I have checked the md5 now and it looks something wrong with the files download, I am downloading it now and will check it again, and get back to you. Thanks,

Mahmoudbassuoni commented 1 year ago

Hi , @chunlinxiao I have downloaded the files again but still the output of the md5sum not matching the one on the ftp site, I am not sure what could be wrong, I have tried the same thing with another 2 strands and the same happens.

Mahmoudbassuoni commented 1 year ago

I have tried to do the alignment process using 2 paired reads from the folder "giab/ftp/data/NA12878/NIST_NA12878_HG001_HiSeq_300x/131219_D00360_005_BH814YADXX/Project_RM8398/Sample_U0a/" and it went fine but I am not sure of the data quality as those files are from 2014 however the other files above are from 2020 so it is supposed to be more reliable

chunlinxiao commented 1 year ago

thanks for the update and glad your alignment process was fine now - I also tested your pairs on our side, nothing was wrong, so the paired data is fine.

Regarding the md5, we recently performed a metadata collection/analysis regarding all fastqs, involving gunzip/gzip - this may produce different md5s (from different gz file header if not using gzip -n ). However, the uncompressed file (fastq file) are unchanged with identical md5. The sequence.index files may need to be updated accordingly.

Mahmoudbassuoni commented 1 year ago

so what do you think of depending on the old FastQs from 2014 ? I am running a benchmarking process so is it fine to use those fastqs and then using the VCFs from the NIST V4 directory ?
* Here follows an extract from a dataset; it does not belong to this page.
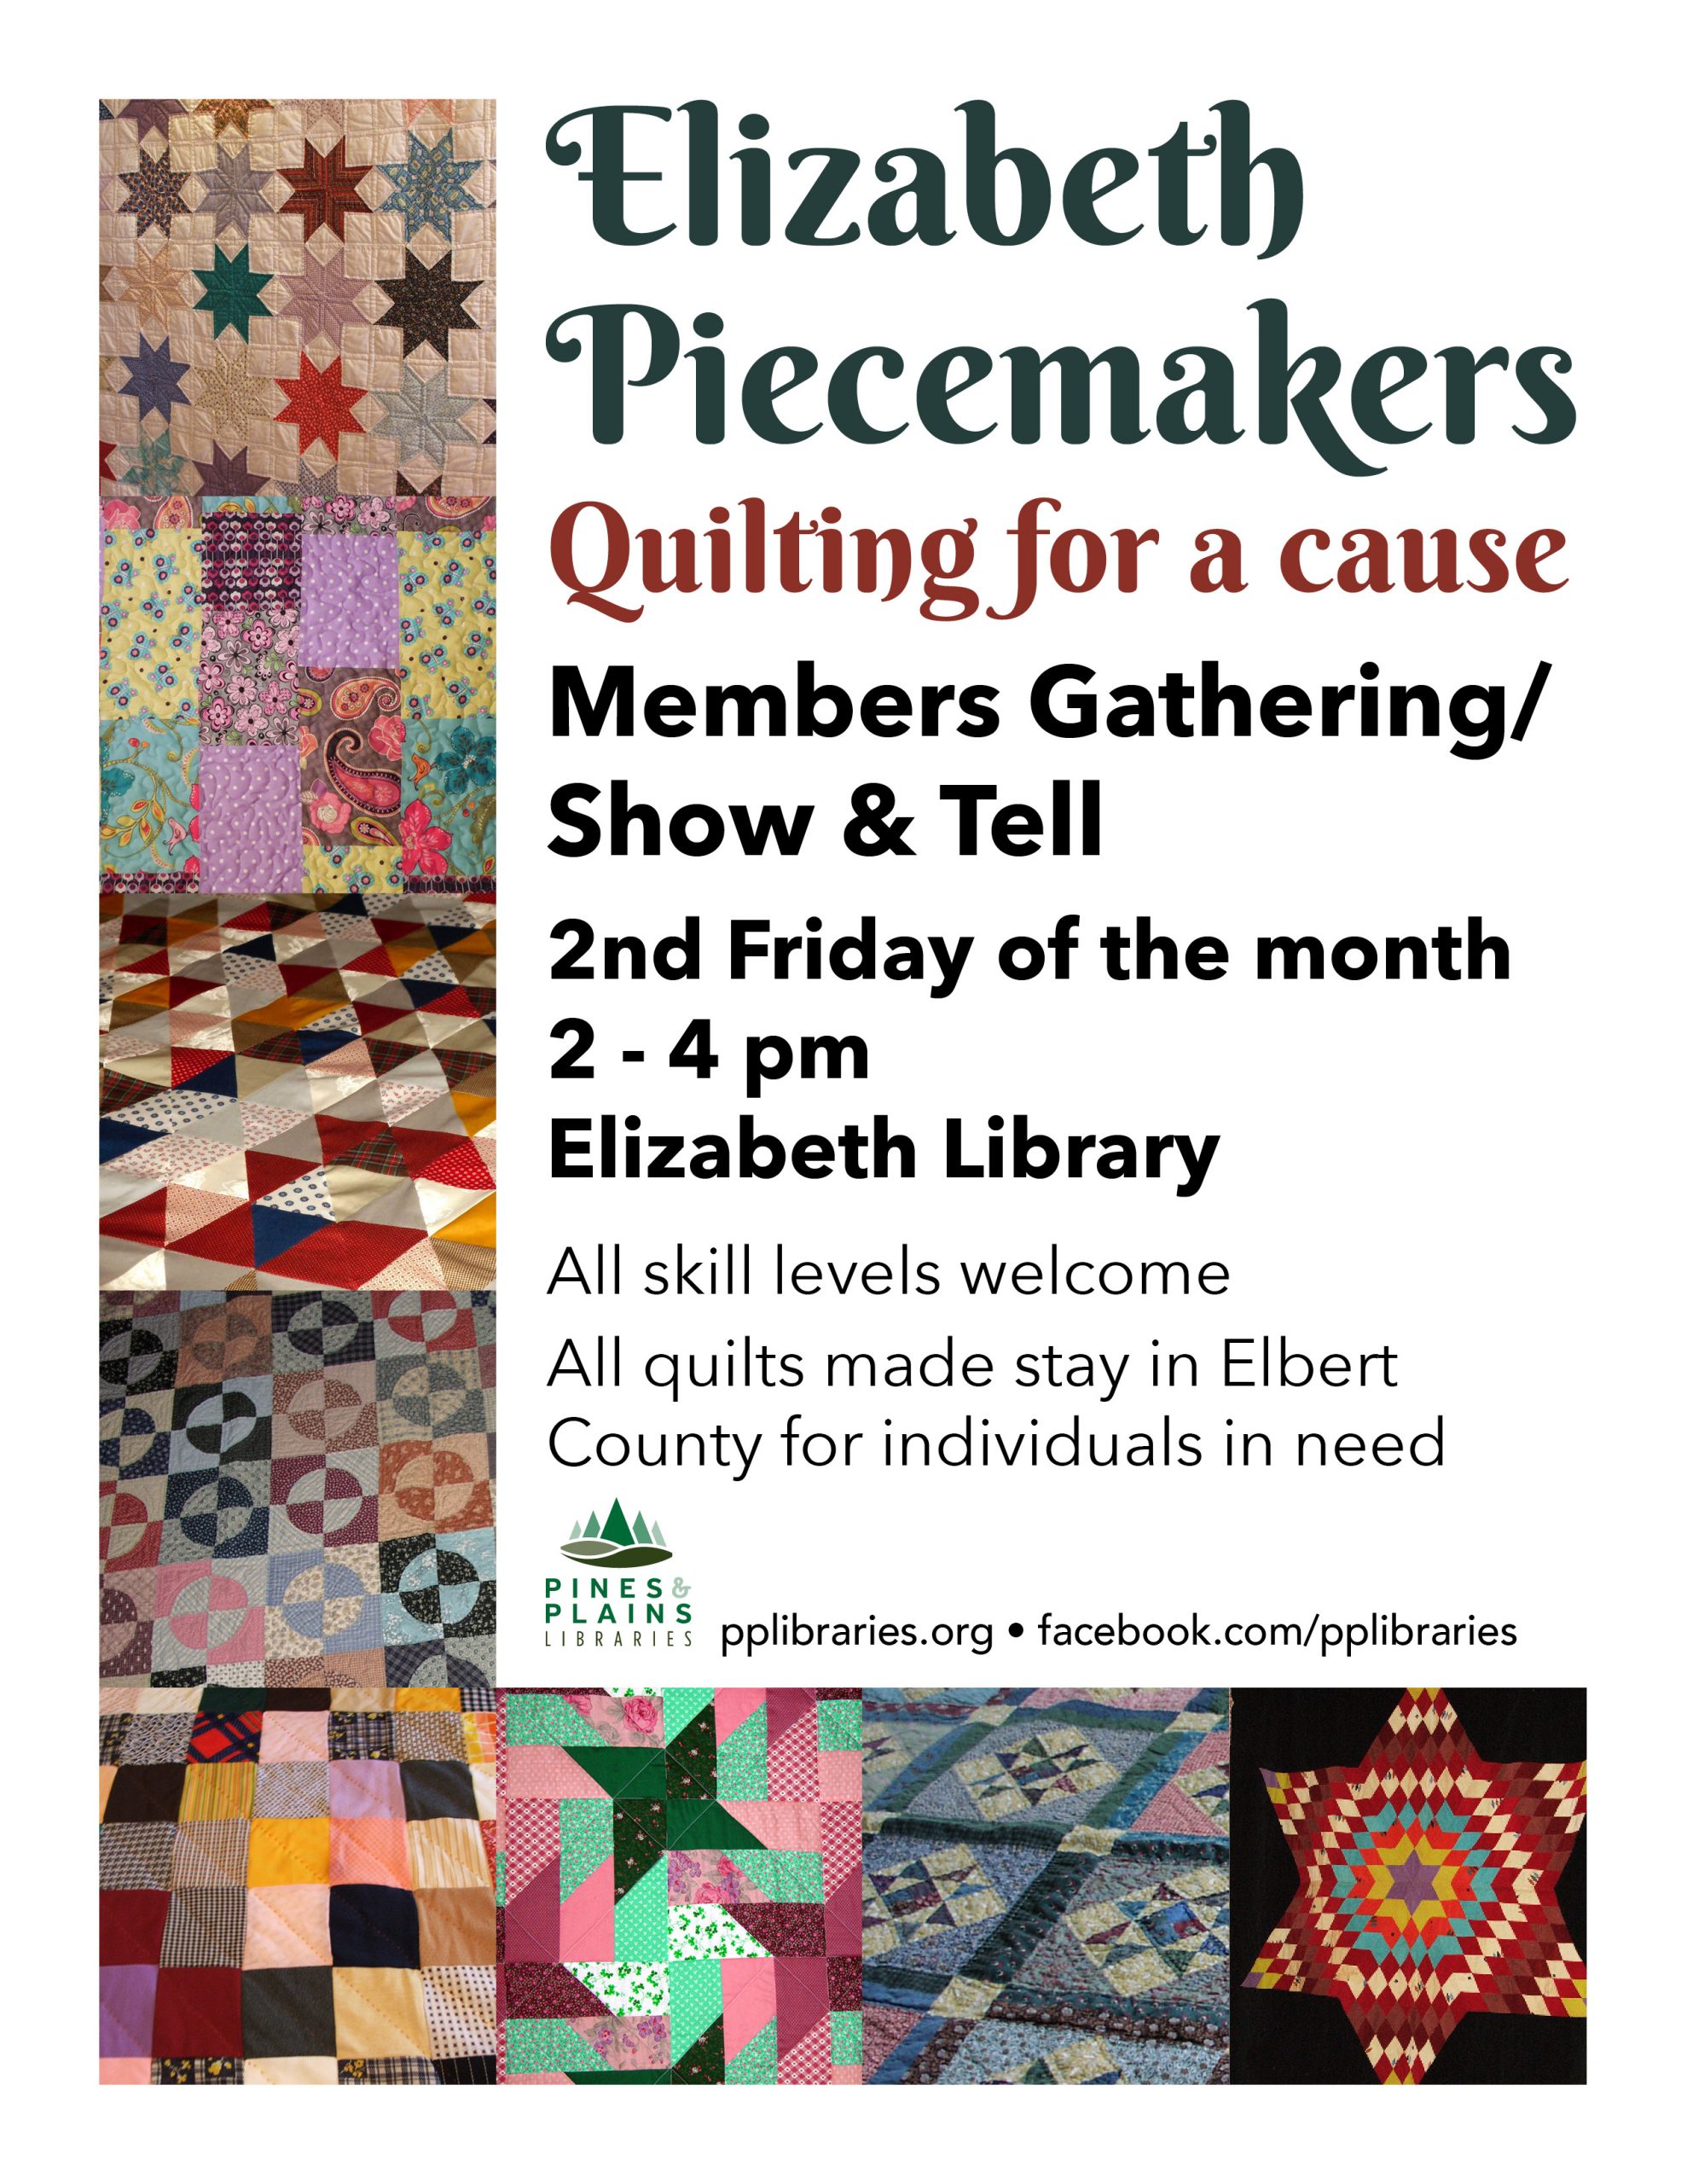 Elizabeth Piecemakers flyer with images of quilts

jzook commented 1 year ago

Hi @Mahmoudbassuoni - all of the files in those directories were generated ~2014. They are probably ok to use for some purposes, but if you want to understand how your methods work on more recent illumina data, you may want to use data from this publication: https://doi.org/10.1101/2020.12.11.422022.

chunlinxiao commented 1 year ago

Hi @Mahmoudbassuoni , the md5s were updated in sequence.index.NA12878_Illumina300X_wgs_09252015_updated (you can follow the link from the table).